Multiplier les initiatives Ce qui est fait est fait. Le protocole sanitaire est acté. Il va falloir donc initier des actions à fort impact pour reconquérir les touristes étrangers, surtout que les fermetures/réouvertures des frontières ont beaucoup pénalisé le Royaume, portant un sacré coup à la destination. Actuellement, l’objectif premier est de regagner la confiance des touristes. Cela se fera à travers «une série de rencontres avec les grands TO des principaux marchés émetteurs et des autres marchés émergents», suggère Bouhout. De plus, ajoute-t-il, «l'ONMT doit continuer sa dynamique, notamment par une présence remarquable et distinguée dans tous les foires et salons du tourisme internationaux, à commencer par le Salon ITB (s'il est maintenu en mars 2022) et tous les autres salons qui devraient se dérouler d'ici la fin 2022. Le Maroc doit être présent en force pour conforter sa position de leader africain : nous voulons récupérer les parts de marché perdues suite aux fermetures». De plus, renchérit notre interlocuteur, «nous devons être très dynamiques en matière d'accueil des éductours, des voyages de presse des grands blogueurs et influenceurs et accompagner les DMC (agence réceptive, ndlr) spécialisées dans l'organisation des congrès et grands événements, vu leur importance en termes d'activité et de rayonnement». Car, pour Bouhout, «le Maroc doit très vite regagner ses parts de marché perdues et maintenir sa position de leader en Afrique». Des pertes énormes Les défis qui attendent le secteur touristique sont à la hauteur des pertes subies depuis le début de la pandémie. «Le secteur du tourisme a connu une forte baisse du nombre d'arrivées, de nuitées touristiques et des recettes en devises assurées par le tourisme international, en plus des revenus du tourisme intérieur», fait savoir notre source. Chiffres à l’appui, il indique que «le nombre d'arrivées, qui a atteint 13 millions en 2019, a chuté à environ 2,5 millions en 2020 et moins de 4 millions en 2021».
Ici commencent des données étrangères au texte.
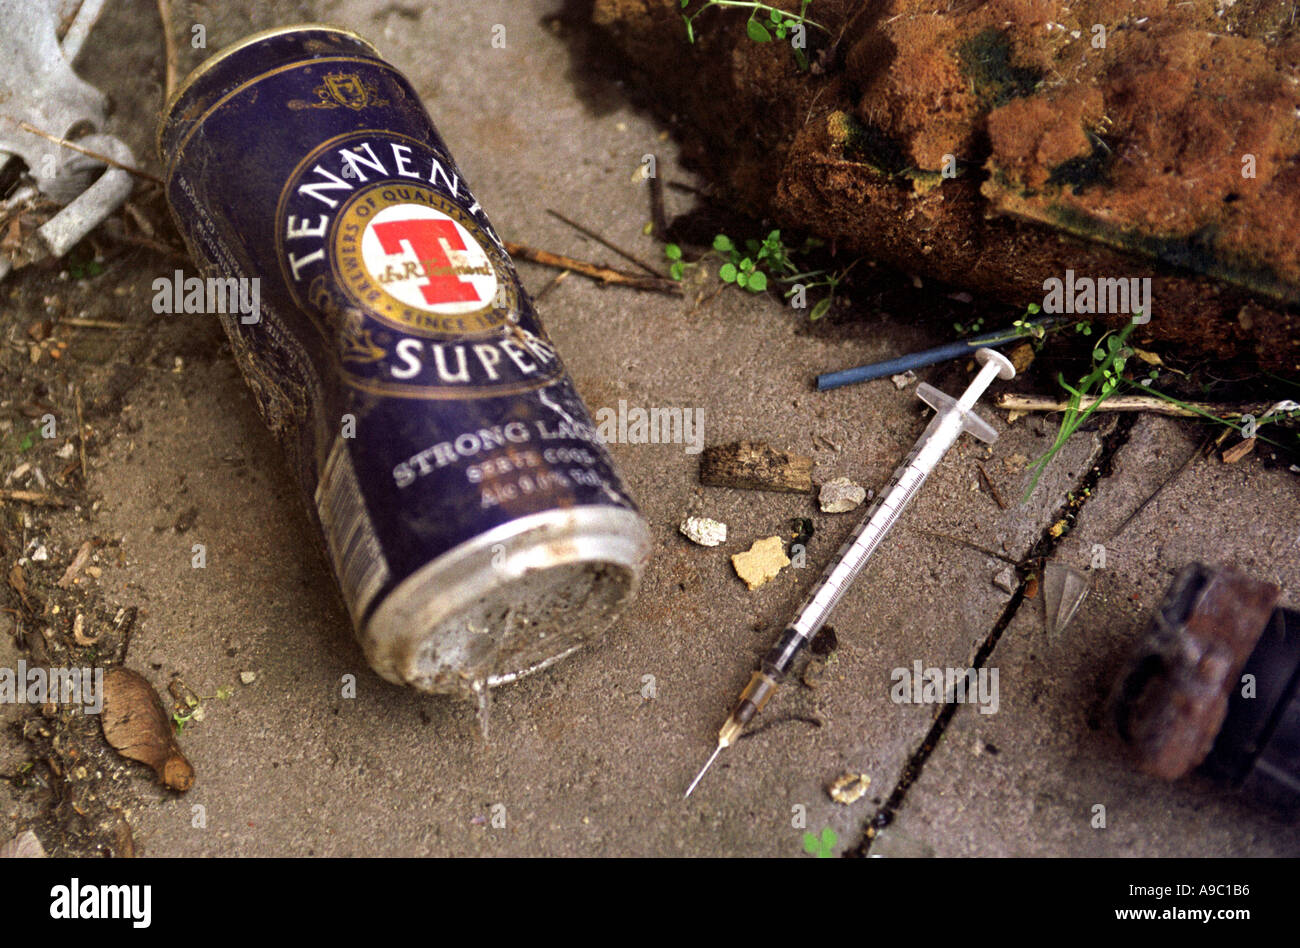 Nadeln benutzt, um illegale Drogen nach Gebrauch auf den Boden geworfen zu injizieren. Stockfoto

Selon lui, «la fermeture des frontières jusqu'à fin janvier 2022 se traduirait par une perte d'environ 21 millions de touristes et plus de 36 millions de nuitées, ce qui constitue une perte totale pouvant dépasser 186 milliards de dirhams (environ 275 millions de dirhams par jour), si l'on prend en compte toutes les activités liées au tourisme, en plus de la production cinématographique, des recettes du shopping, de l'artisanat et des différentes taxes aéroportuaires, etc.».
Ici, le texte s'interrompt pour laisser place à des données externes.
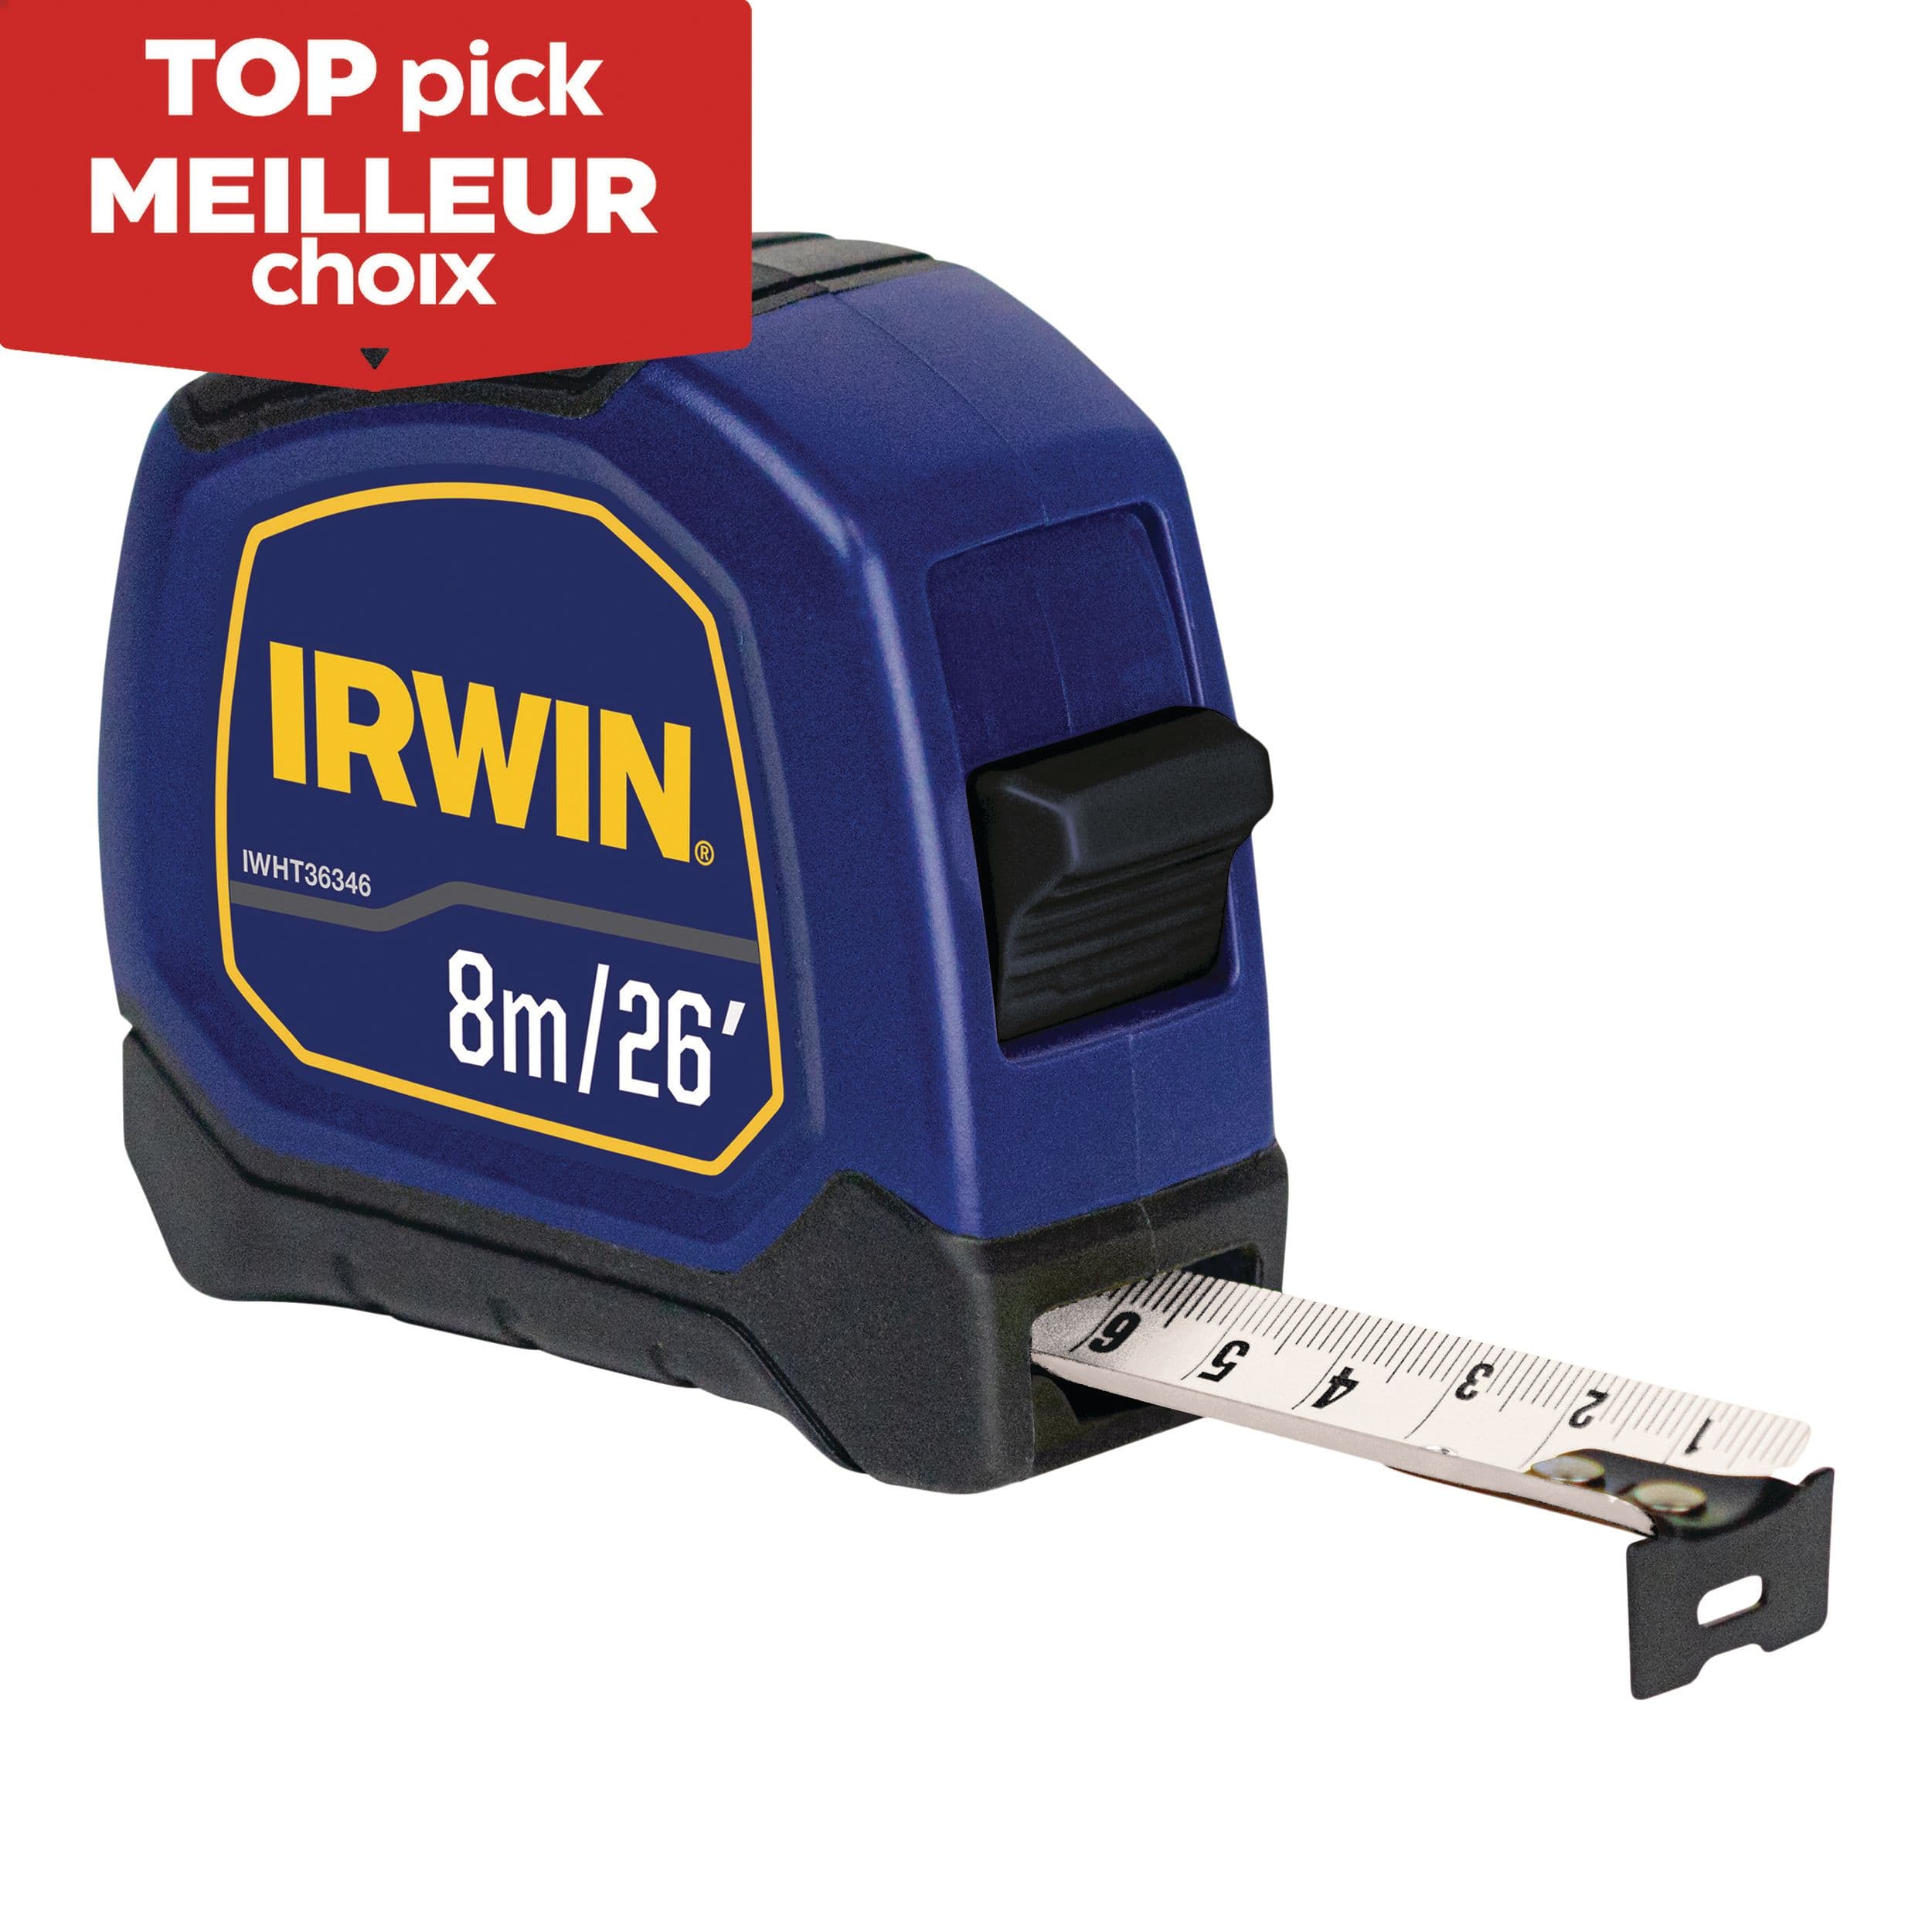 IRWIN IWHT36346 Bi-Material Tape Measure, 26-ft

Face à ces données, le plan d’urgence de 2 Mds de DH pour soutenir le secteur paraît bien dérisoire, même si Bouhout admet que c’est «un début que l'on peut saluer, à condition de prévoir d'autres rounds de négociation avec la Confédération nationale du tourisme et les autres fédérations métiers». Pour lui, «le plan proposé n'est ni plus ni moins qu'une petite mesure d'urgence pour un secteur très important pour l'économie marocaine, du fait qu'il regroupe des dizaines de milliers d'entreprises opérant dans l'hôtellerie, les maisons d'hôtes, les restaurants touristiques, les agences de voyages, les agences de transport touristique et les agences de location de voitures, et dont les propriétaires ont injecté d'importants investissements qui ont dépassé les 150 milliards de dirhams (hors investissements de renouvellement et d'entretien), avec plus de 500.000 emplois directs et 2,5 millions d'emplois indirects».
«Cette petite mesure ne peut pas, à mon avis, rétablir les effets néfastes causés à la fois par le coronavirus et les décisions de nos responsables», soulignet-il. Tout en préconisant de «revoir la dotation allouée à au moins 10 milliards de DH, d'assouplir les mesures pour en bénéficier (notamment pour la dotation de rénovation, entretien et formation qu'il faut porter à 6 milliards de DH minimum) et de généraliser l'ensemble des mesures à l'ensemble de l'écosystème du tourisme». Au final, conclut le directeur du Conseil provincial du tourisme d’Ouarzazate, «c'est le Maroc entier qui en sortira gagnant».